奔走到黄昏.眼前出现一条河.李欣记得那条河正是渭水河.过了这条河.就出了长安境界.河岸码头上人來人往.却沒有他的人影.一行泪悄然落下.李欣心里无声哀怨:过了这河.今生永不相见.
杨美忙着去雇船.转了一圈回來了.跟李欣说:“真是见了鬼.明明有许多空船.却死活不肯雇给我们.”李欣心里一动.说:“你多出些金银.实在不行就买一条.”
杨美又去.不久就听到她与船夫的吵架声.
李欣眉头一皱.驱马上前.杨美和船夫已经扭成一堆.滚作一团.那船夫也算健壮了.见了杨美也全不是对手.被她压住.苦不堪言.一众船夫都围着看热闹.这个喊打打打.那个一旁评点二人所用招式的优劣.还有人已经张罗着聚赌了.
李欣冲上前.望着那船夫劈头就是一鞭子.
船夫怒起來.骂道:“哪來的小贱人.在这撒野.”这一骂.恼了杨美杨盼几个.拔出弯刀就上前威胁.众船夫看了笑道:“我道这么狠.原來是鞑子女.我要告诉你们.现今回鹘国沒了.吐蕃人萎了.契丹人嘛.连给老子舔屁沟都不配.”
李欣闻言大怒.亦拔出弯刀.咬牙切齿地说:“给我杀.”
一声令下.刀光剑影.众人顿时像炸了窝.四散奔逃.恰此时.一队逻卒从河北乘船过來.见六个契丹女子行凶.顿时围了过來.李欣眼看不妙.招呼杨美等人上马.那队士卒早有防备.一通乱箭.射杀了杨美等人的马匹.
将她们四面合围.杨美在混战中受了伤.此刻疼痛难忍.她发狠地叫道:“跟他们拼了.唐人男人只会欺负女人吗.”

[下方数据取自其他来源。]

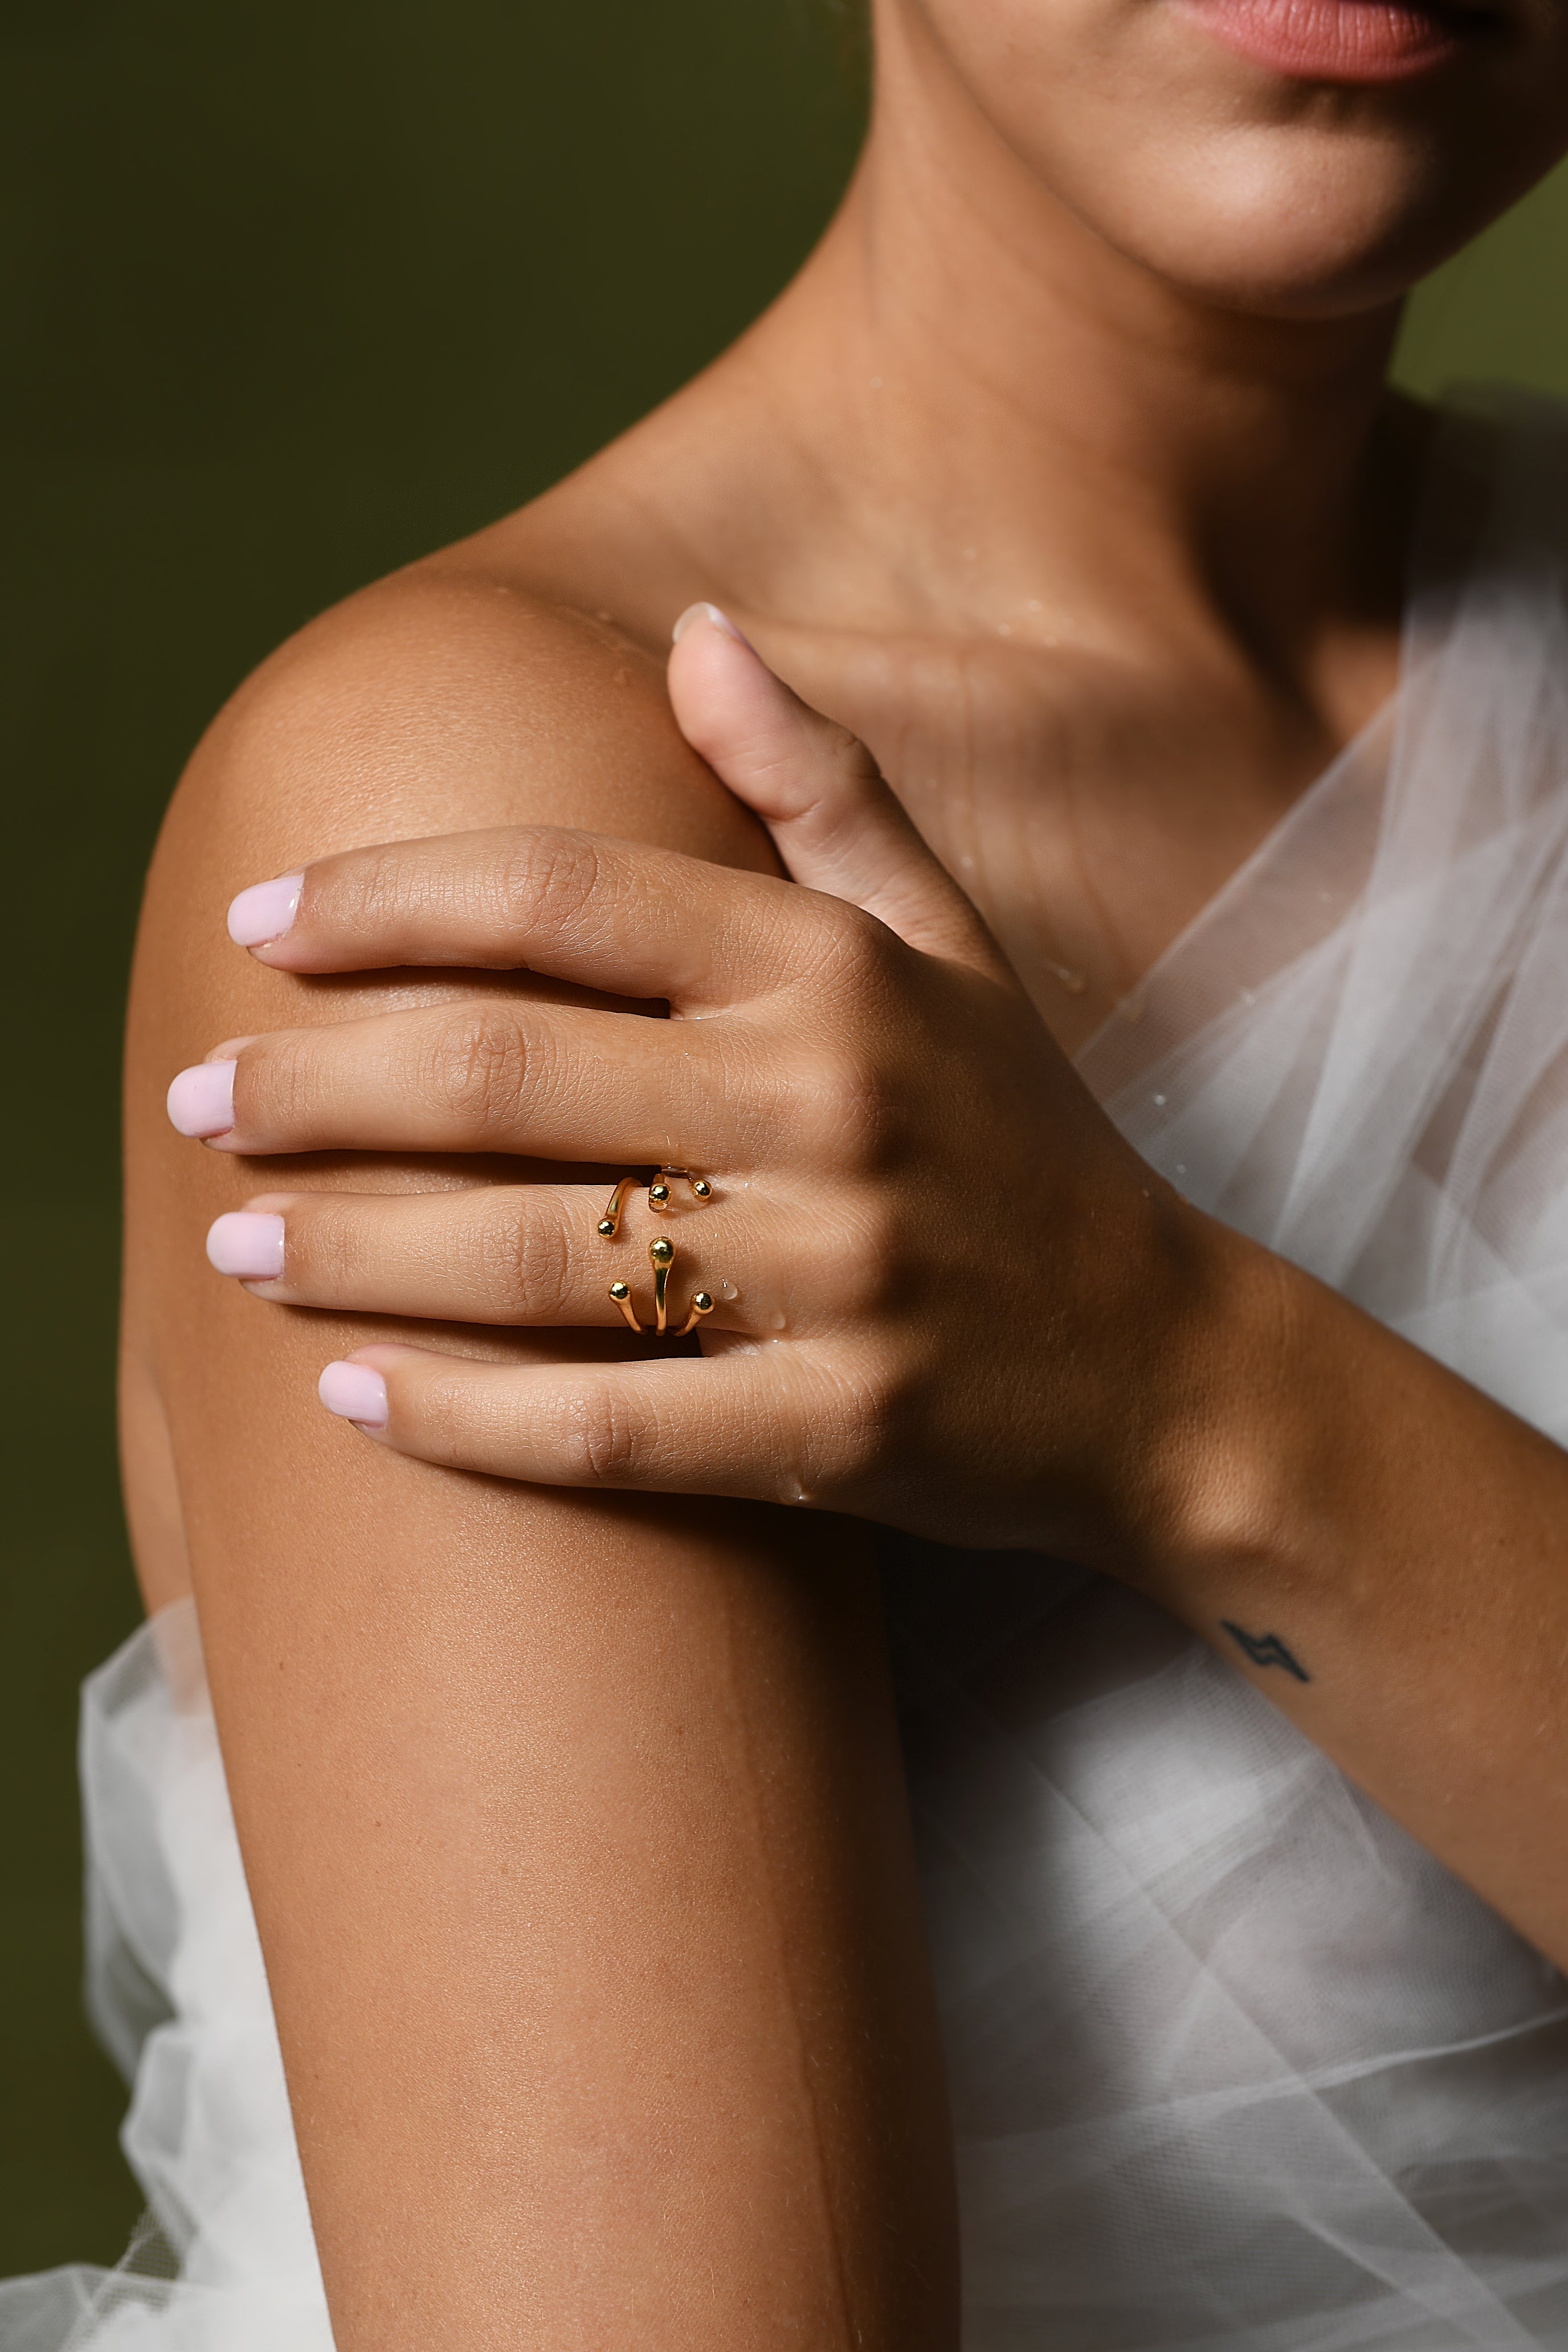 A female model poses with her hand on her shoulder, showing the open band gold ring she is wearing.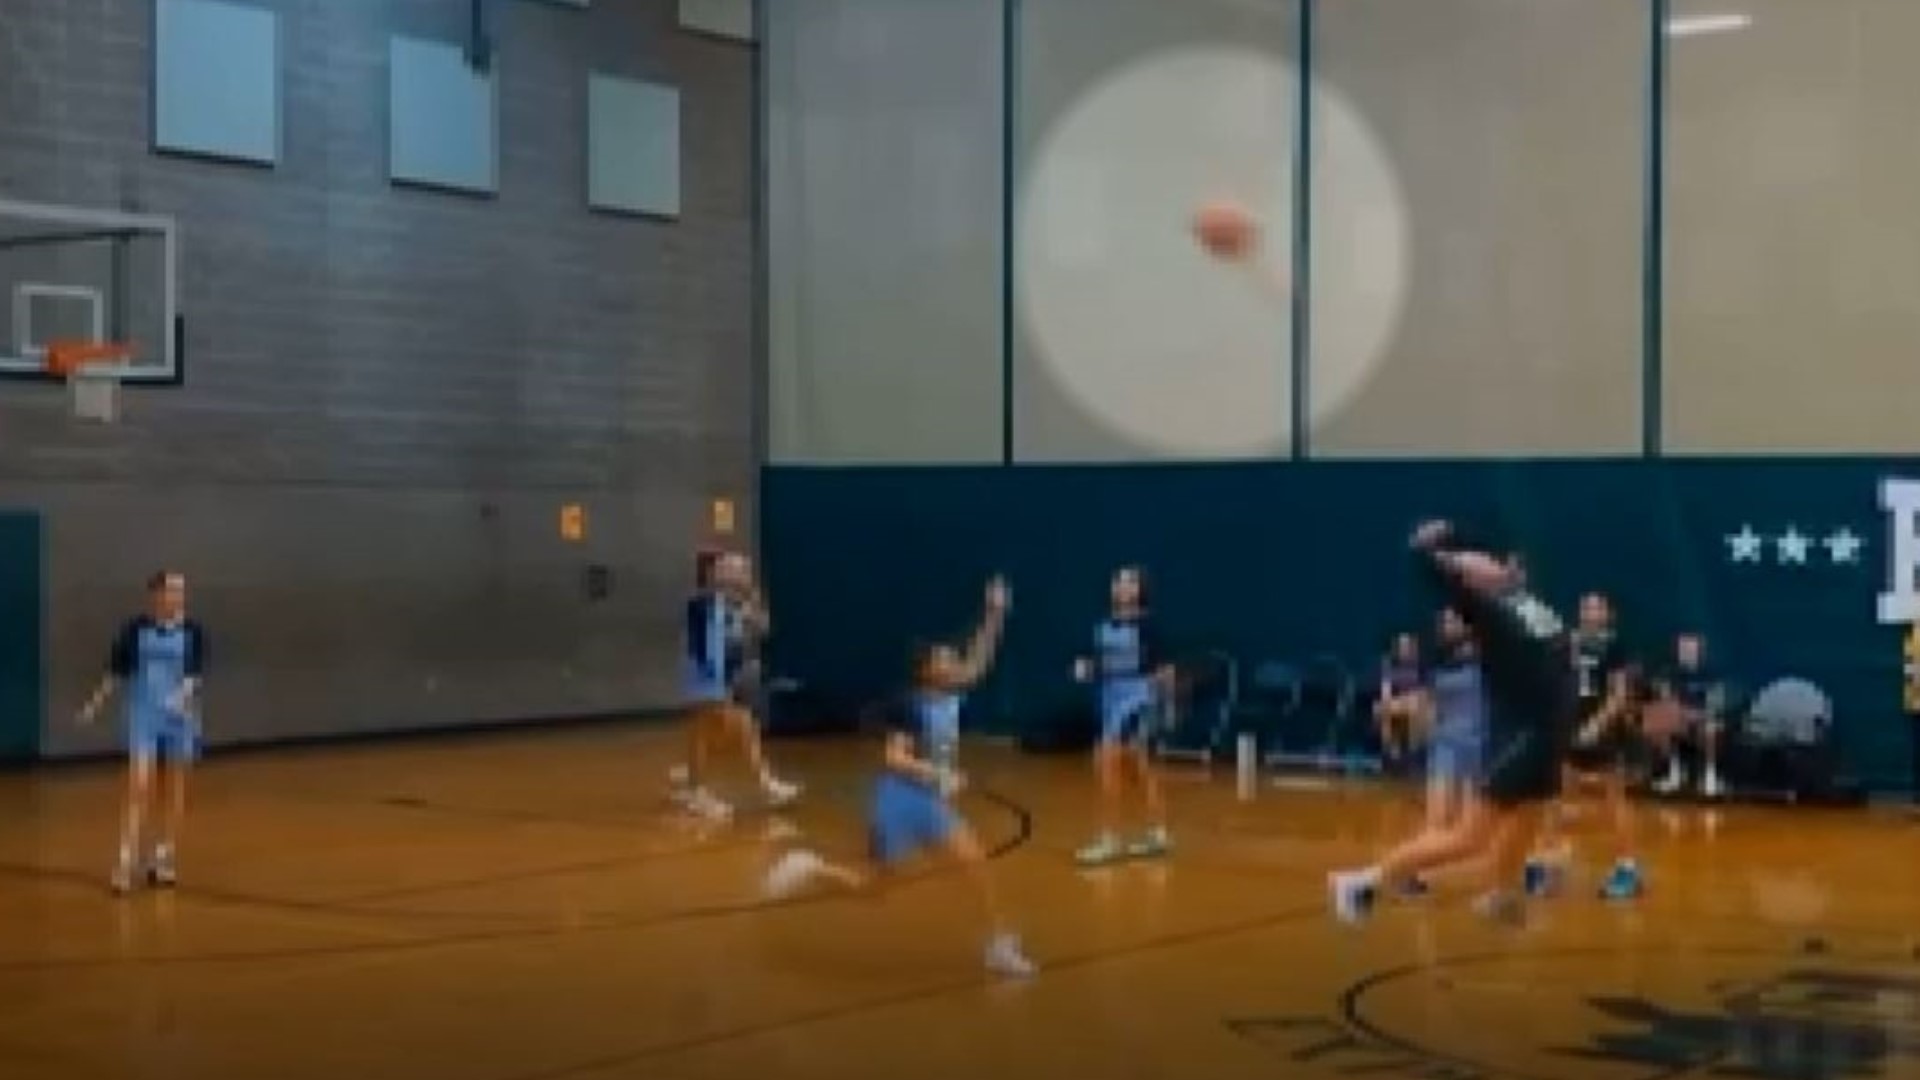 Audrey Jackson hits backwards shot from halfcourt just after the buzzer at Thomas Jefferson Middle School in Vancouver, Wash. Video from Tara Jackson.

李欣闻这话.顿时泪流满面.突发一声喊.挥刀望定那军校便砍.
军校又惊又怒.恶向胆边生.待她靠近.突然挥刀剁向李欣脑门.那一刀若是剁实了.则李欣必然脑门开两片.脑浆涂地.
恰在这时.一支羽箭横空而至.正中那军校的咽喉.军校一语未发跌倒在地.
这中间十几匹骏马呼啸而來.领头的正是杨昊.
晴儿昏迷后.杨昊正要体罚杨美等人.忽然接到郭太后的口谕.说有要事请他进宫商议.于是让薄莱暂时将杨美拘押.待自己回來处置.不想他前脚一走.李欣就放了杨美出來.声言要出去走走.薄莱不敢拦阻.也不敢私下放人.遂躲出府去.装作什么都不知道.
吕芮眼见李欣等人每个人都带了一个包袱.猜她要离开长安.她心里巴不得呢.哪里会去劝阻.任李欣一行走了.
还好薄莱留了个心眼.眼见李欣去的急.赶忙派人向杨昊汇报.杨昊身在宫中不能脱.便下令封锁京城所有外出水旱道路.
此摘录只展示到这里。